Начало освободительному движению положило письмо Прокопия Ляпунова. Узнав о штурме Смоленска, вождь рязанских дворян обратился с посланием к Семибоярщине, где обвинил короля в нарушении договора и призвал всех патриотов к войне против иноземных захватчиков. Боярское правительство отреагировало оперативно. Из Москвы в Рязанскую землю отправилась рать во главе с воеводой Григорием Самбуловым. Вскоре верные Владиславу войска осадили в Пронске отряд Ляпунова. Деревянная крепость была достаточно прочной и надежной, в погребах хранилось много всевозможных припасов, но сил для обороны не хватало. Земских ратников было всего 200 человек. Однако Самбулову не удалось воспользоваться благоприятной возможностью. На выручку Ляпунову поспешил воевода Дмитрий Пожарский. Кроме гарнизона Зарайской крепости он привел с собой отряды из Коломны и Рязани. Самбулов отступил без боя. Вместо того чтобы сражаться с земской армией, он решил захватить оставшийся без гарнизона Зарайск. Однако Пожарский успел вернуться вовремя. На улицах посада перед крепостью завязалась жестокая битва.

Войско Самбулова было разгромлено и бежало из города. Вскоре к Ляпунову присоединились Казань, Муром, Нижний Новгород и другие города. Постепенно создавались условия для похода земских ополченцев на Москву.

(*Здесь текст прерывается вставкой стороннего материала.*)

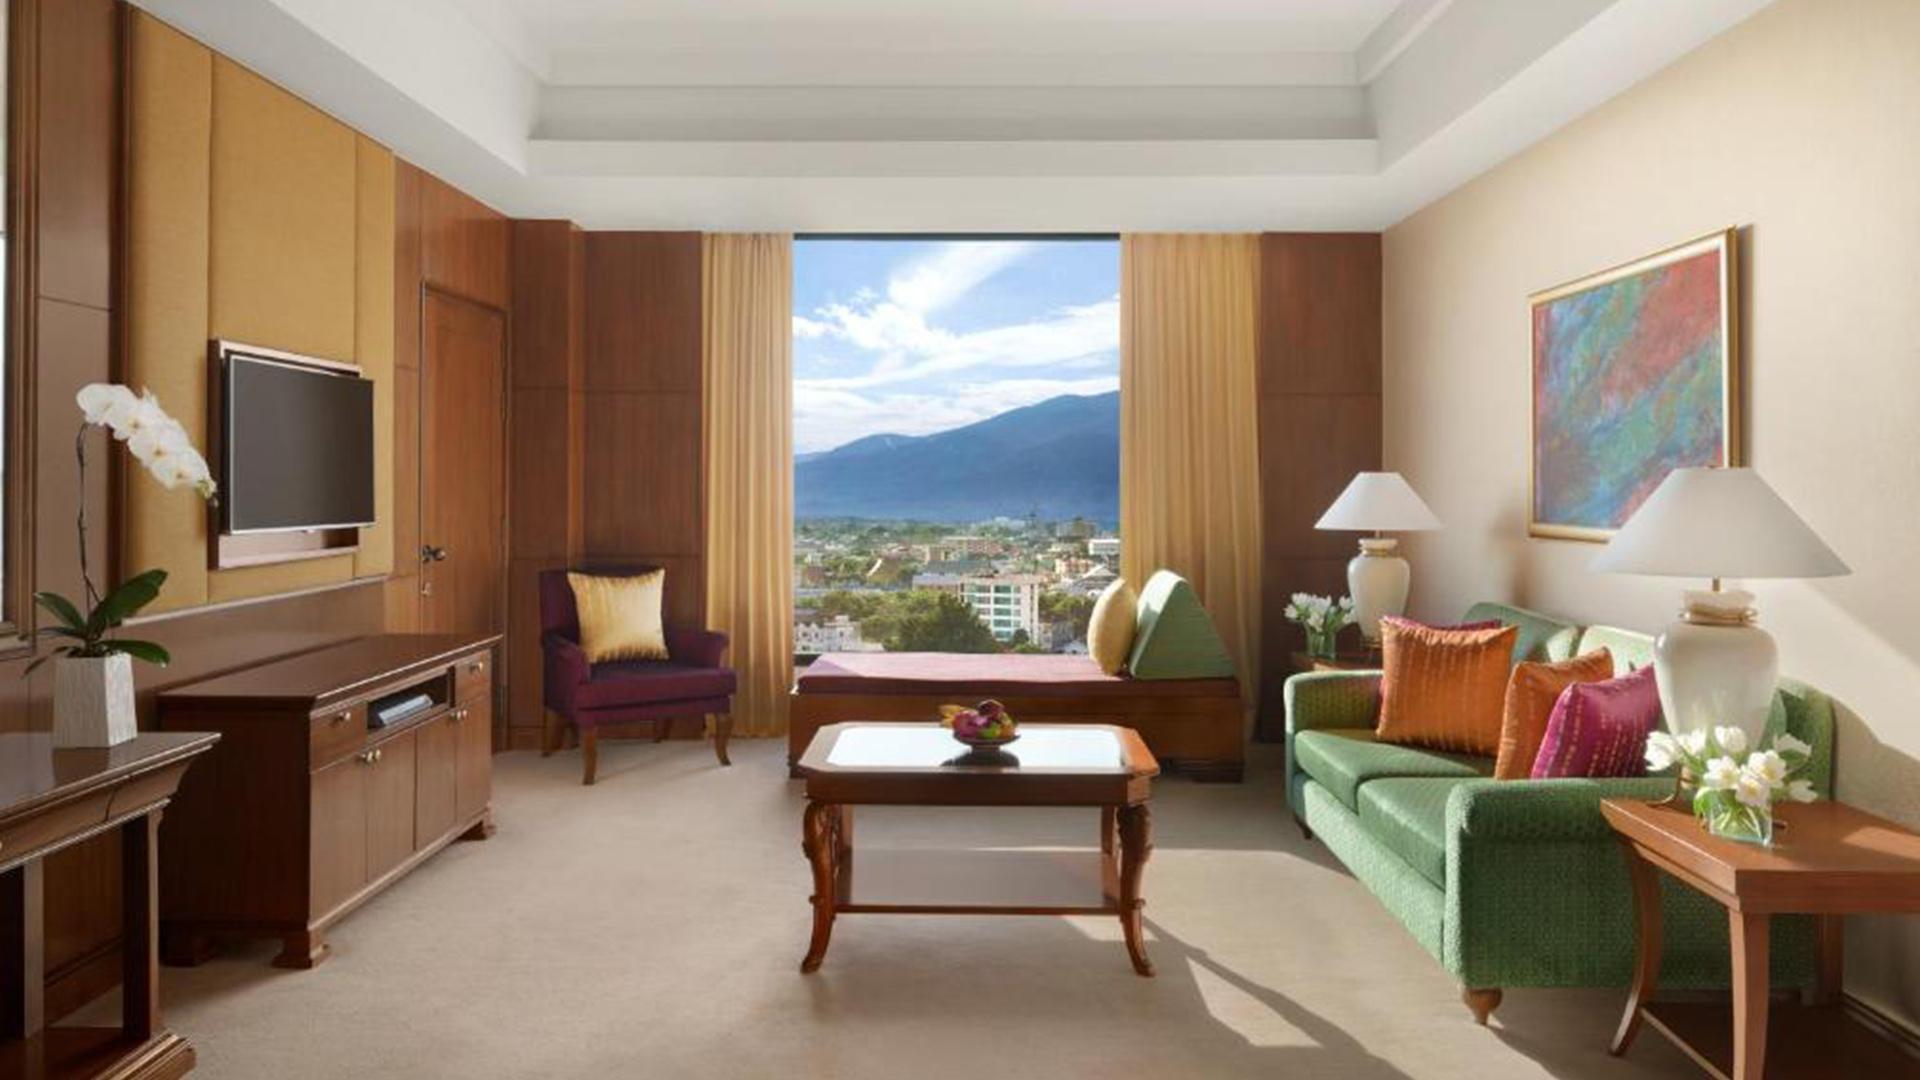 Executive Suite image 1 at Shangri-La Hotel, Chiang Mai by Amphoe Mueang Chiang Mai, Chang Wat Chiang Mai, Thailand

А в русской столице к этому времени неизвестные патриоты составили и распространили обширное воззвание, озаглавленное как «Новая повесть о славном Российском царстве, о страданиях святейшего Гермогена и новых изменниках». В ней авторы обещали патриаршее благословение всем, кто поднимется на защиту родины. Однако, призывая народ к оружию, они предупреждали единомышленников, что не следует ожидать от находящегося в Москве первосвященника открытой поддержки восстания. «Что стали, что оплошали? — звучал со страниц повести их гневный вопрос. — Али того ждете, чтобы Вам сам великий тот столп (Гермоген. — Р.С.) своими устами повелел дерзнуть на врагов? Сами ведаете, его ли то дело повелевать на кровь дерзнути»{133}.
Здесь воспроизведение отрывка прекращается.